▶ [Records provided]

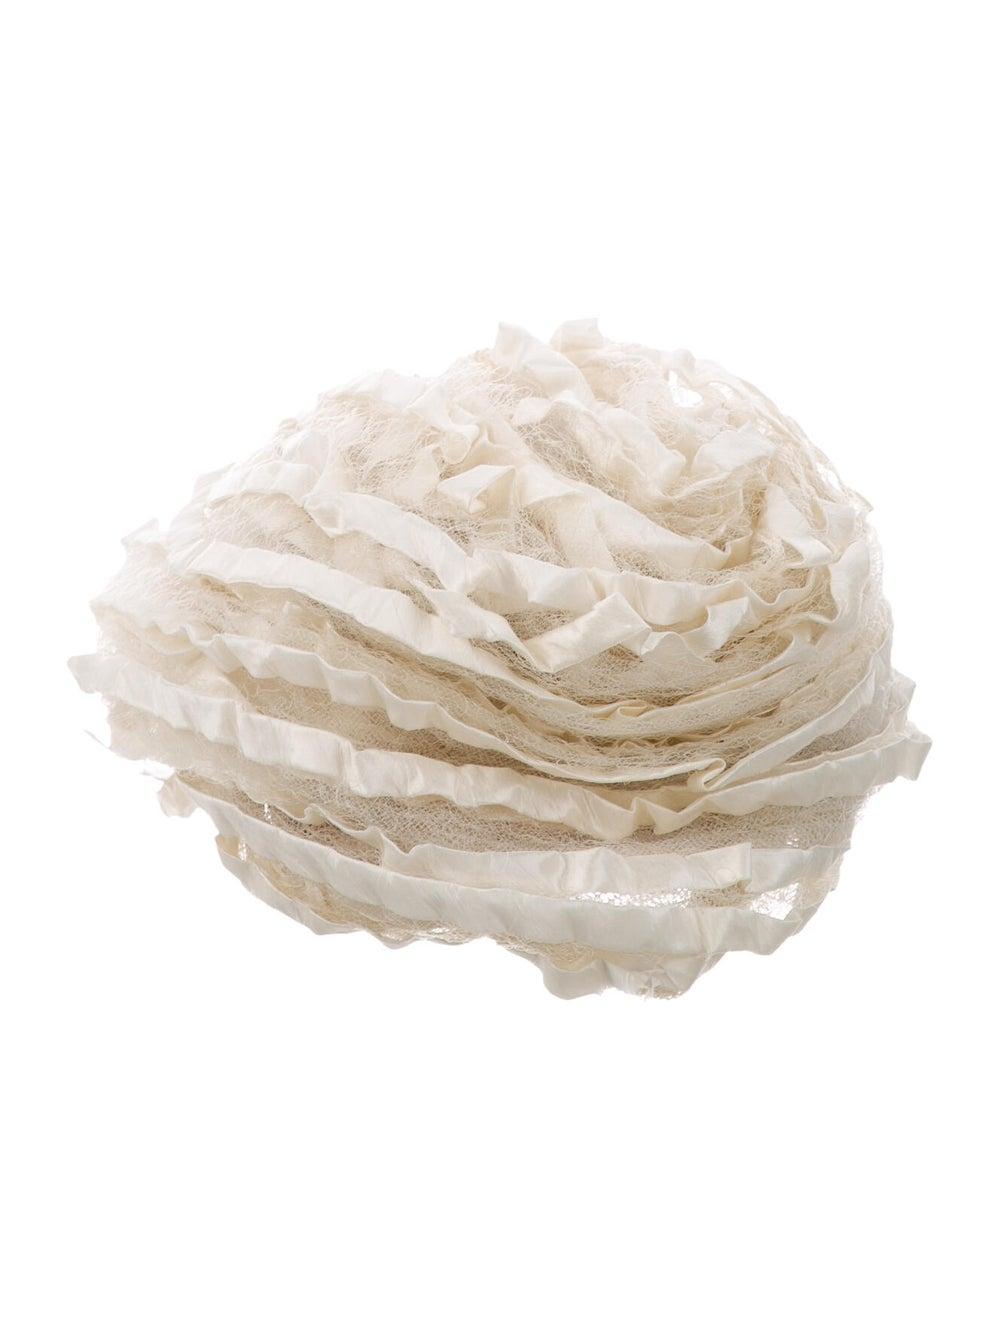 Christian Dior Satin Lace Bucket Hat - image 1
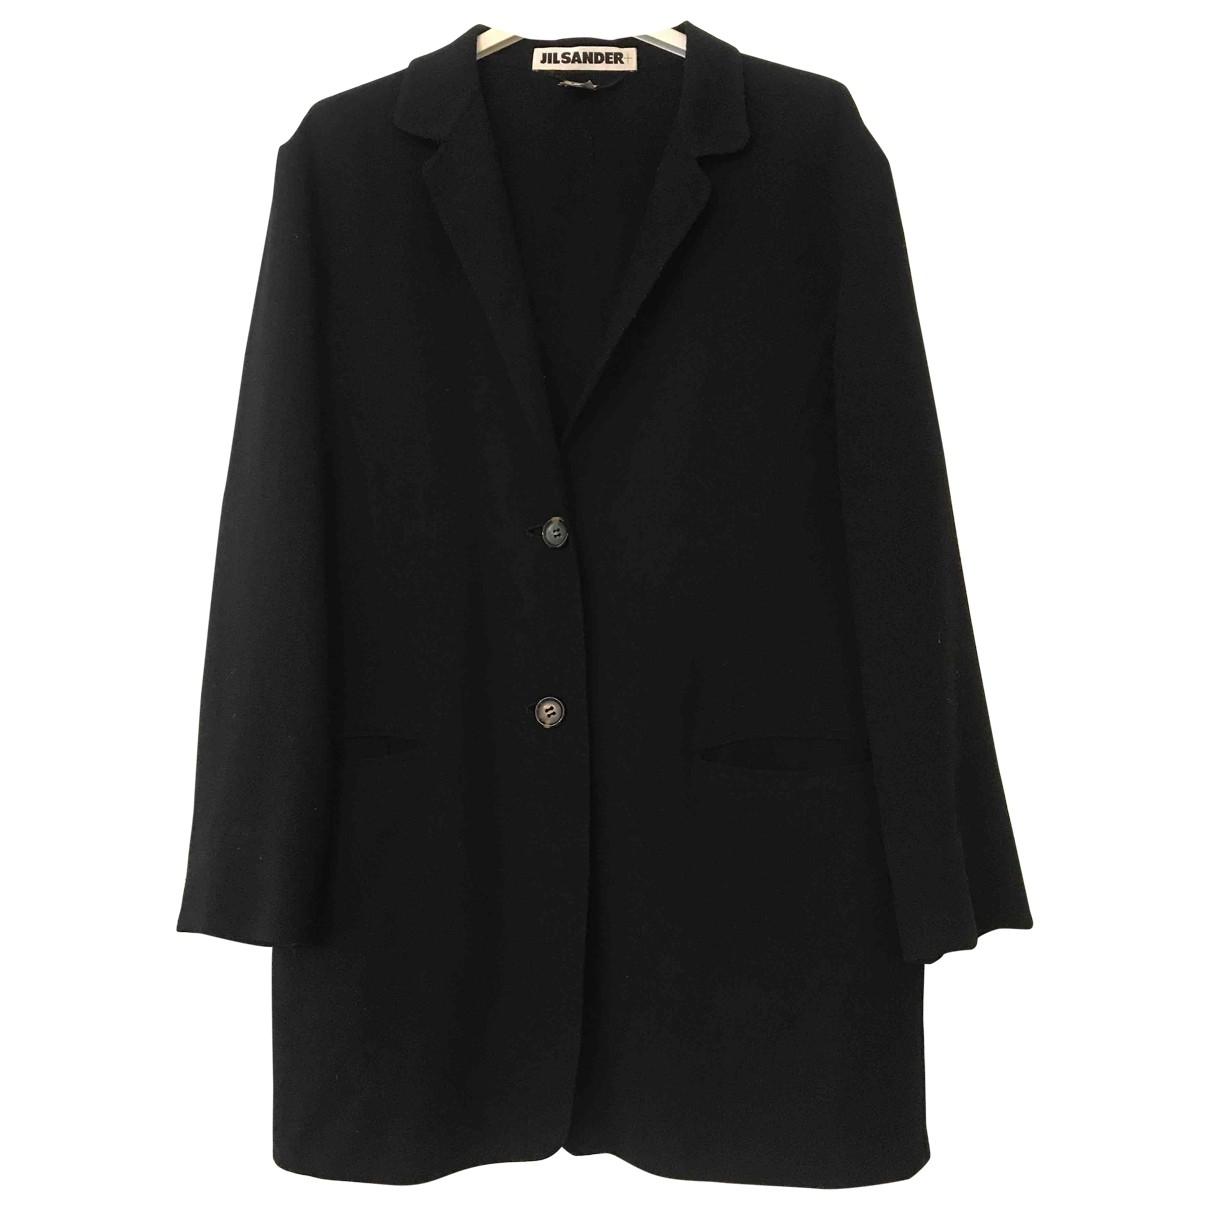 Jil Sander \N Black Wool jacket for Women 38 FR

--

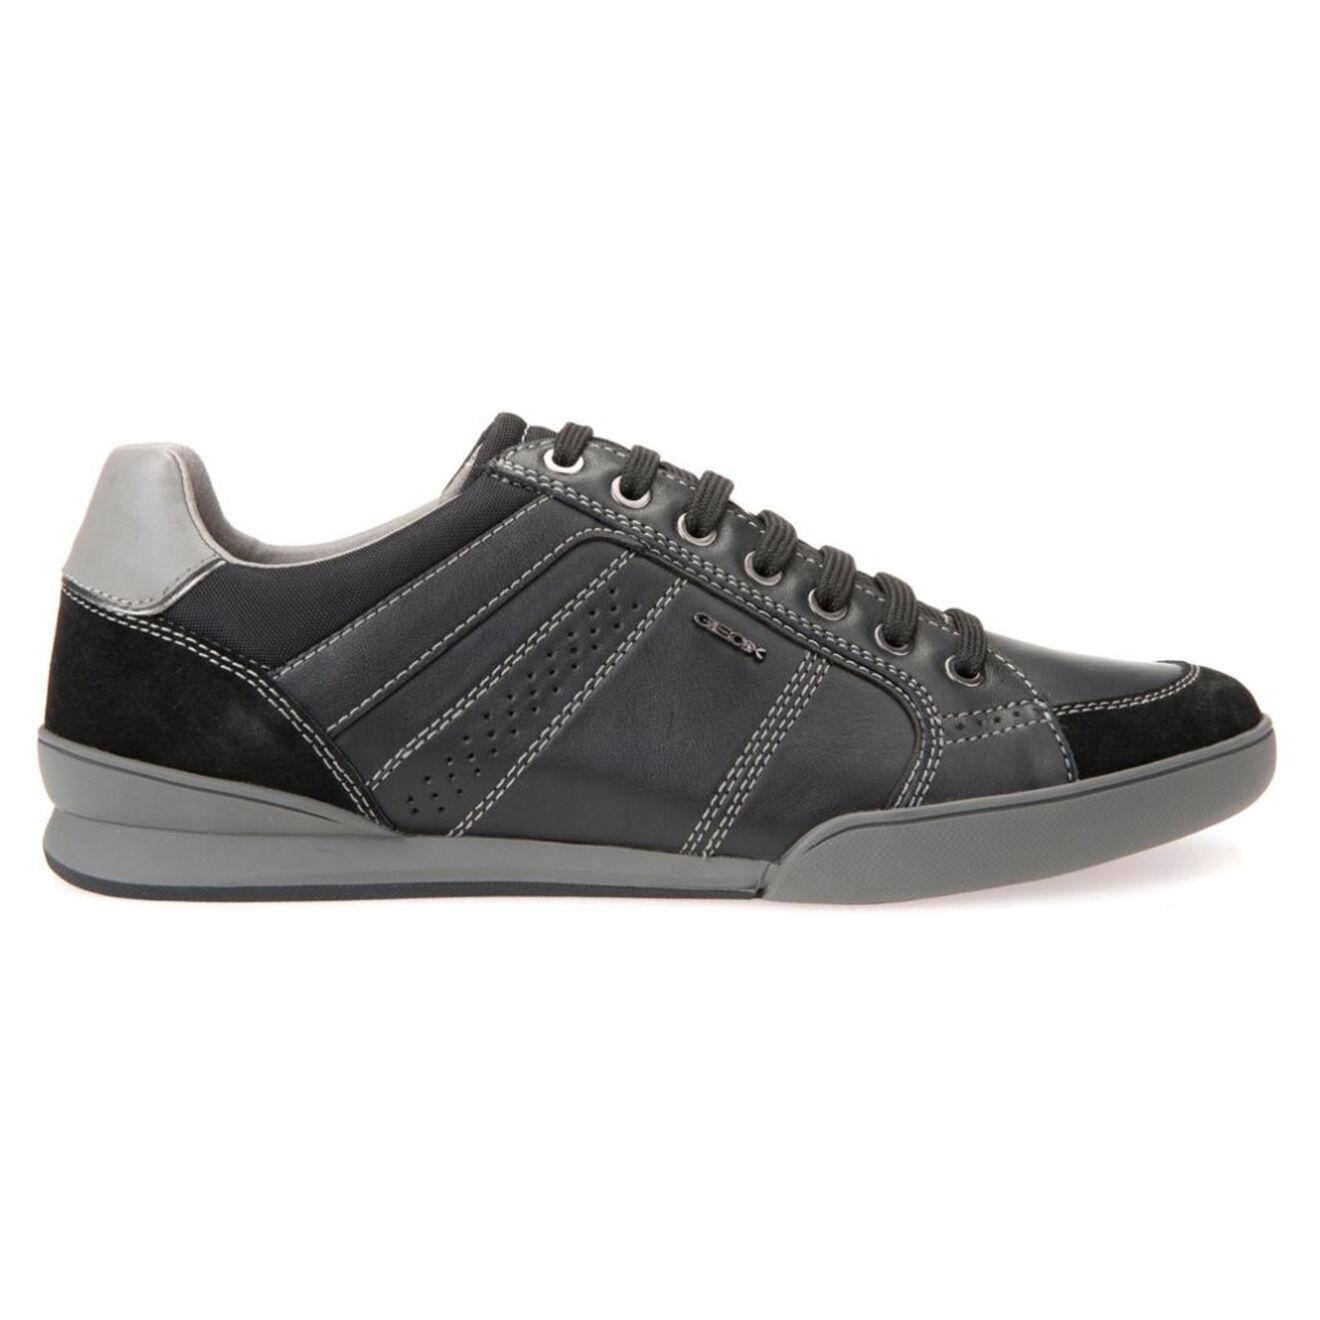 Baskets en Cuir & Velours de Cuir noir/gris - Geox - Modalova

--

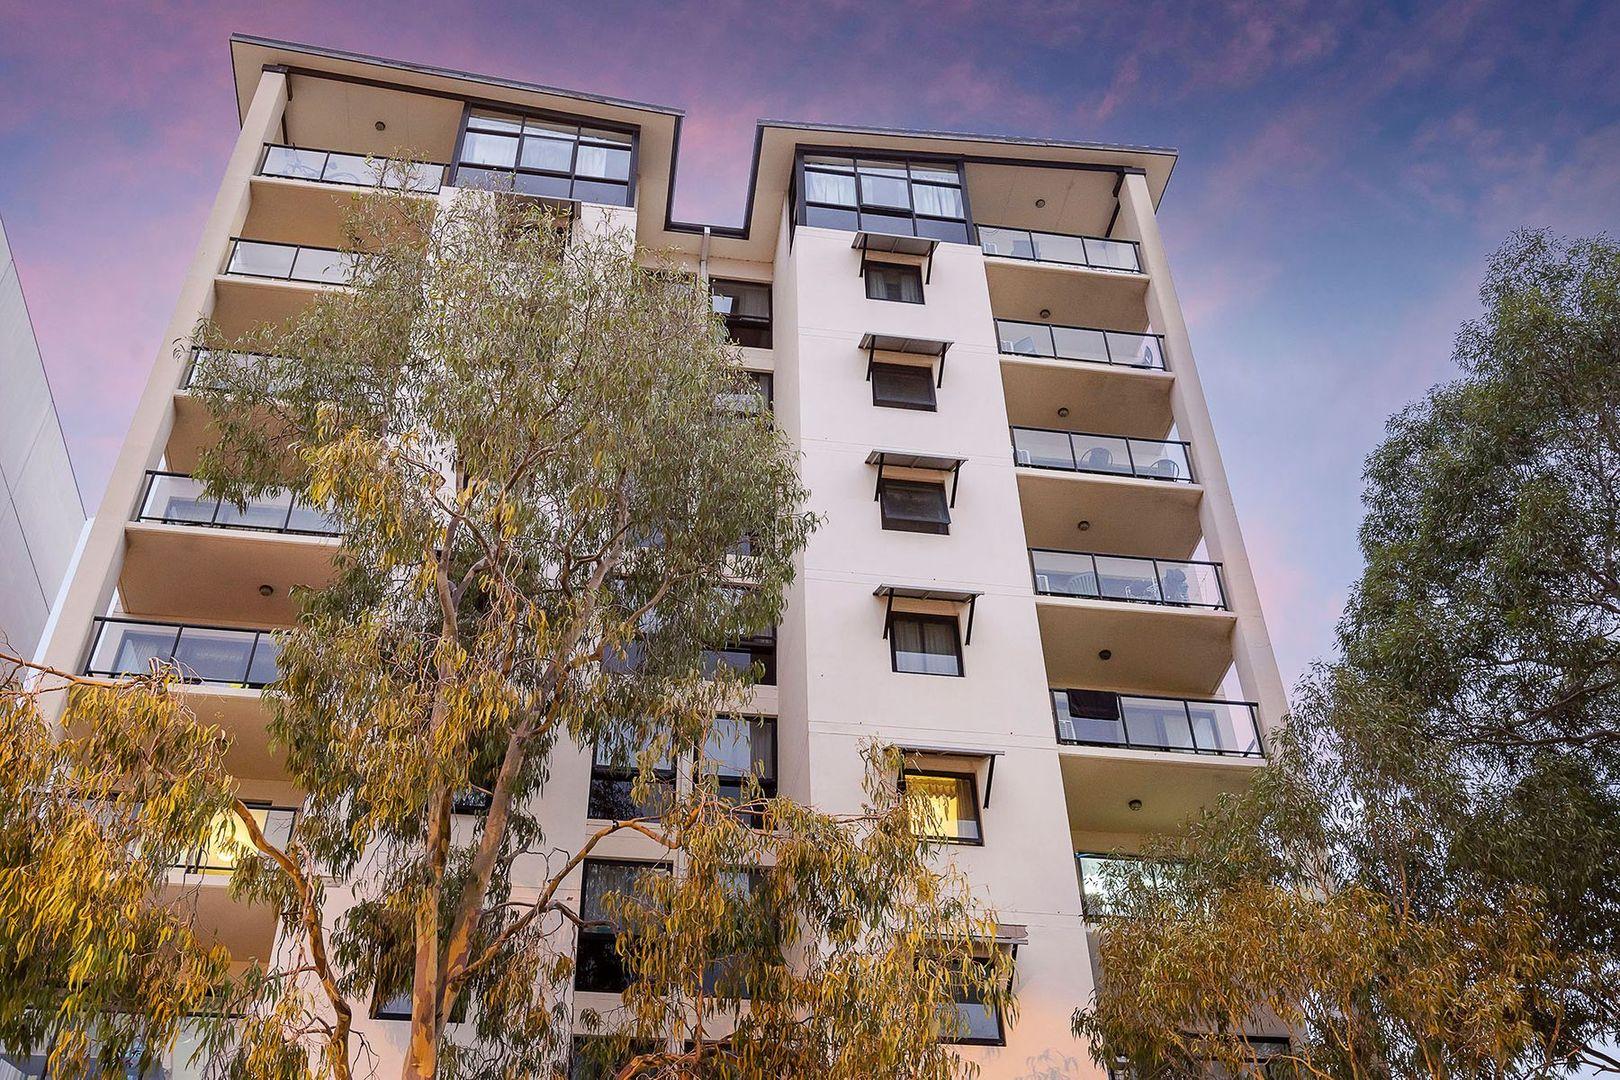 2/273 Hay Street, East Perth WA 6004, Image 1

▶ [Task item]
Going back to the data above, write out everything from the line with "Christian Dior Satin" down to the line with "Jil Sander \N", both included, leaving every picture out.

▶ [Response below]
 Christian Dior Satin Lace Bucket Hat - image 1
 Jil Sander \N Black Wool jacket for Women 38 FR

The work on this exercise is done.